The effects on satellite cells may also be a non-cell autonomous effect (16,74,76). The satellite cell exists in its special niche closely associated with a myofiber, blood vessels, nerves and different surrounding cells such as fibroadipogenic cells (FAPs), fibroblasts, pericytes, etc. In a damaged muscle, this milieu becomes even more complex with the addition of macrophages, lymphocytes, eosinophils and other inflammatory cells. Many of these cells express cytokines, growth factors and extracellular matrix proteins that can alter satellite cell numbers and function as well. Temporal regulation of the complex events that happen during muscle regeneration is important for proper repair. For instance, persistence of the inflammatory state in damaged muscle could result in an aberrant cytokine milieu that is deleterious to satellite cell maintenance or expansion in response to damage. Similar effects could happen on support cells such as the FAPs, which have been shown to have beneficial effects on satellite cell function in myogenesis in early stages of muscle regeneration (77,78). But, in chronic damaged states, this can lead to deleterious effects on satellite cell pool maintenance (79–81). FAP cells are considered to be the principal mediators of fatty and fibrous tissue accumulation in muscular dystrophy (82). Recent studies have shown the importance of FAP cells in the pathology underlying muscular dystrophies and the potential for beneficial therapeutic intervention targeting these cells in Duchenne muscular dystrophy (83) and limb girdle muscular dystrophy 2B (84). It is notable that the products of excessive FAP activity, namely increased adipogenesis and fibrosis in skeletal muscle, are exactly what we see in the DM200 mouse model with repeated injury. The role of FAP cells in RNA toxicity and DM1 warrants further exploration.
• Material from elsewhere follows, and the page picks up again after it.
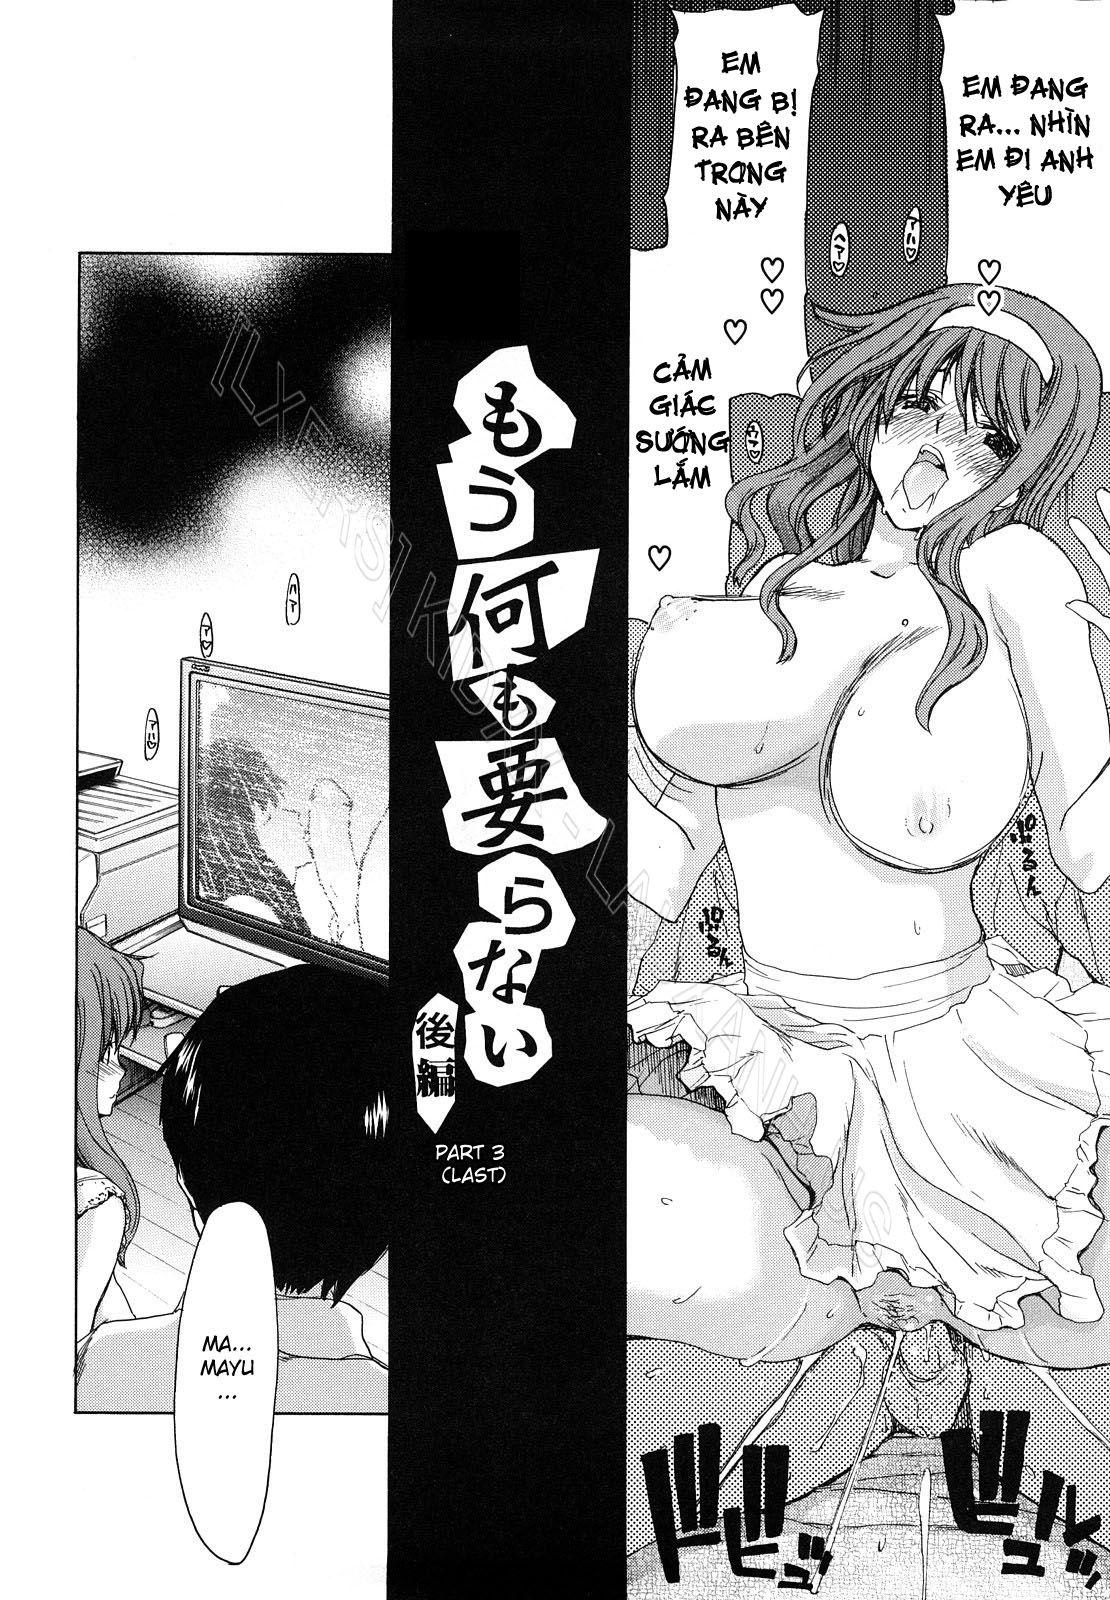 Hình ảnh Hinh_001 trong bài viết Bú Cặc trong phòng thay đồ Full màu không che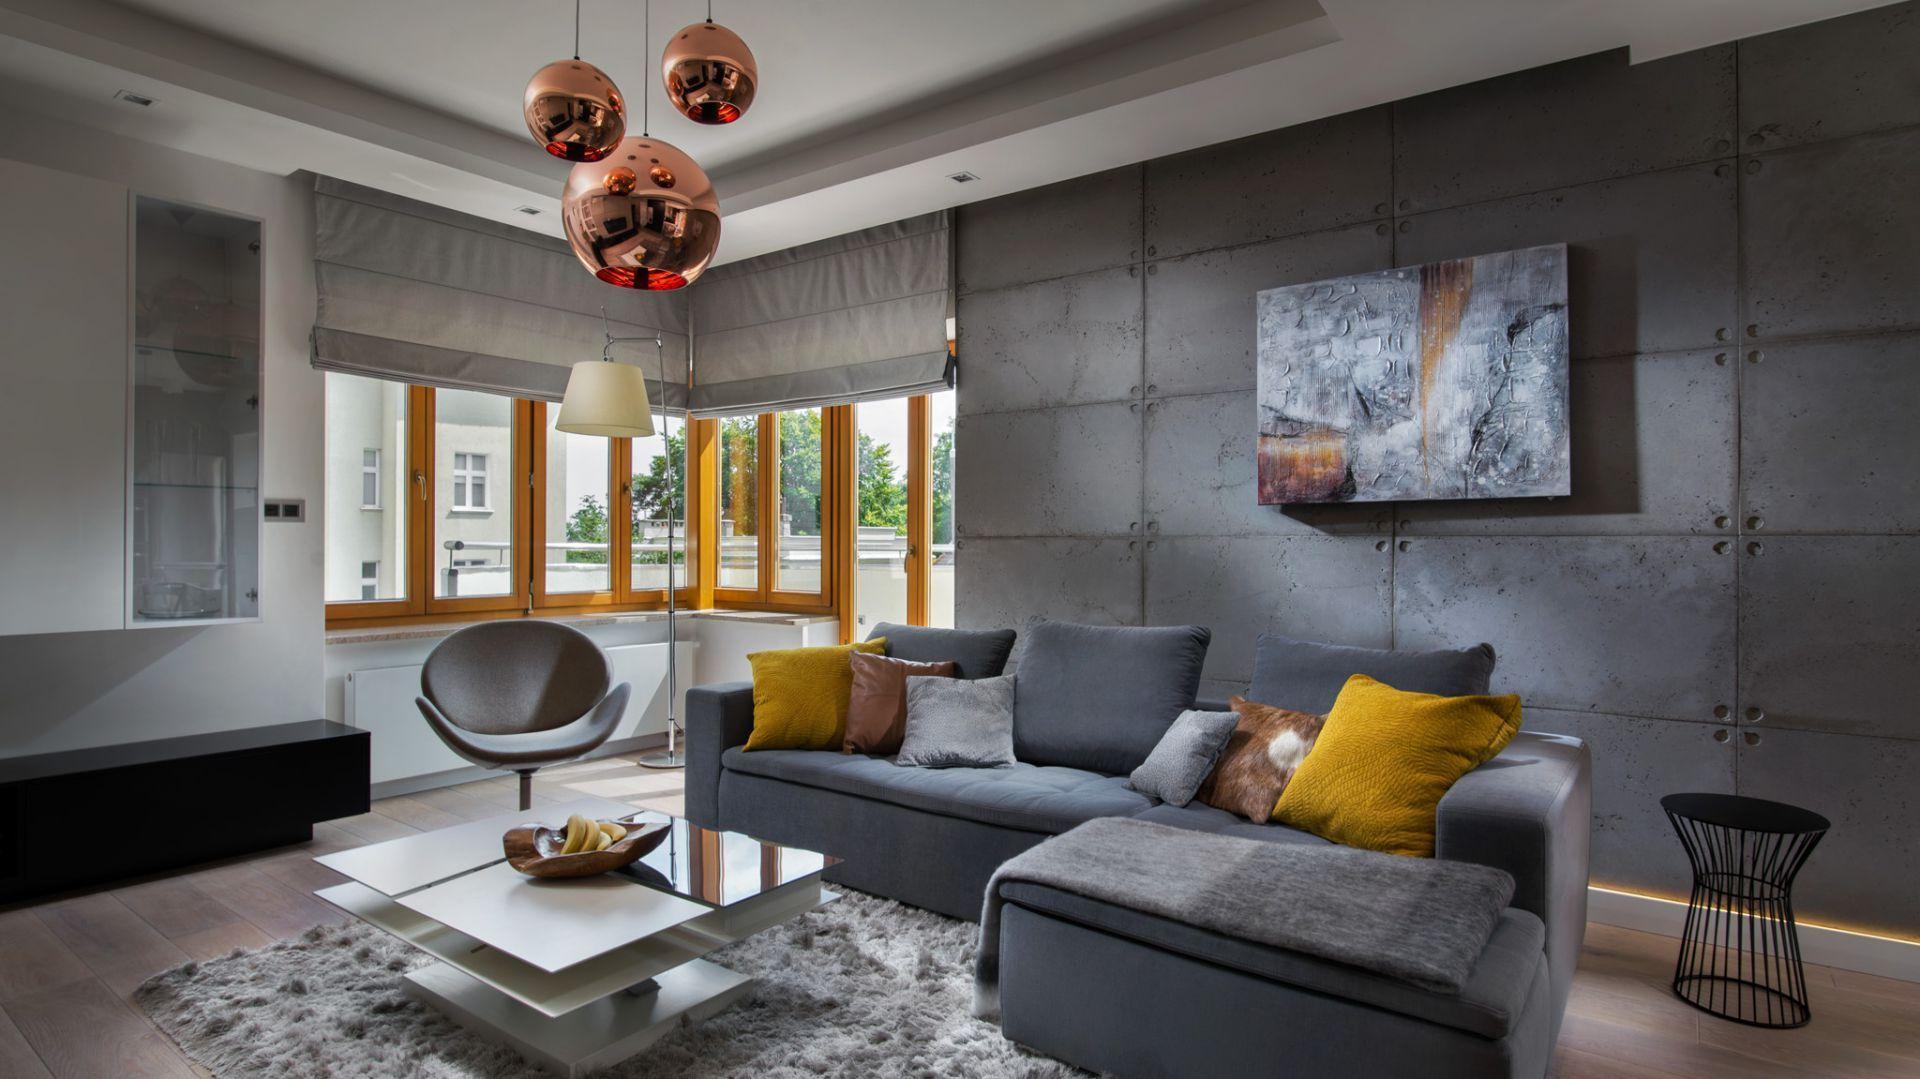 Pomysł na ścianę za kanapą w salonie - beton na ścianie. Projekt: Agnieszka Hajdas-Obajtek. Fot. Wojciech Kic

In summary, our studies find that RNA toxicity caused by the mutant DMPK 3′UTR mRNA clearly leads to defects in muscle regeneration, deficits in satellite cell numbers and elicits a dystrophic phenotype with repeated damage. Importantly, the IONIS 877864 ASO treatment and its efficacy showed clearly that the defects in regenerative response to damage and the defects in satellite cell numbers in the DM200 mouse model are due to the toxic RNA. It is difficult to attribute these phenotypes to doxycycline, an insertional effect from the transgene on some other gene, etc. The effect of the ASO is specific to the targeting of sequences found within the DMPK 3′UTR in the toxic RNA expressed from the transgene. From a clinical perspective, the ASO treatment also demonstrates the possibilities for therapeutic interventions to mitigate the muscular dystrophy associated with RNA toxicity in DM1.
Materials and Methods
Experimental mice and ASOs
The DM200 mouse model expresses a GFP-DMPK 3′UTR (CTG)200 transgene under the control of the human DMPK promoter upon induction with doxycycline (43,44). The transgenic mice were induced with 0.2% doxycycline in drinking water at the age of 2 months. For mice induced with doxycycline, phenotyping using EMG and ECG was performed as previously described, at 2 weeks post induction, to confirm the presence of DM1 phenotypes (43,44). DM200 D+ mice were maintained on doxycycline through the duration of experiments.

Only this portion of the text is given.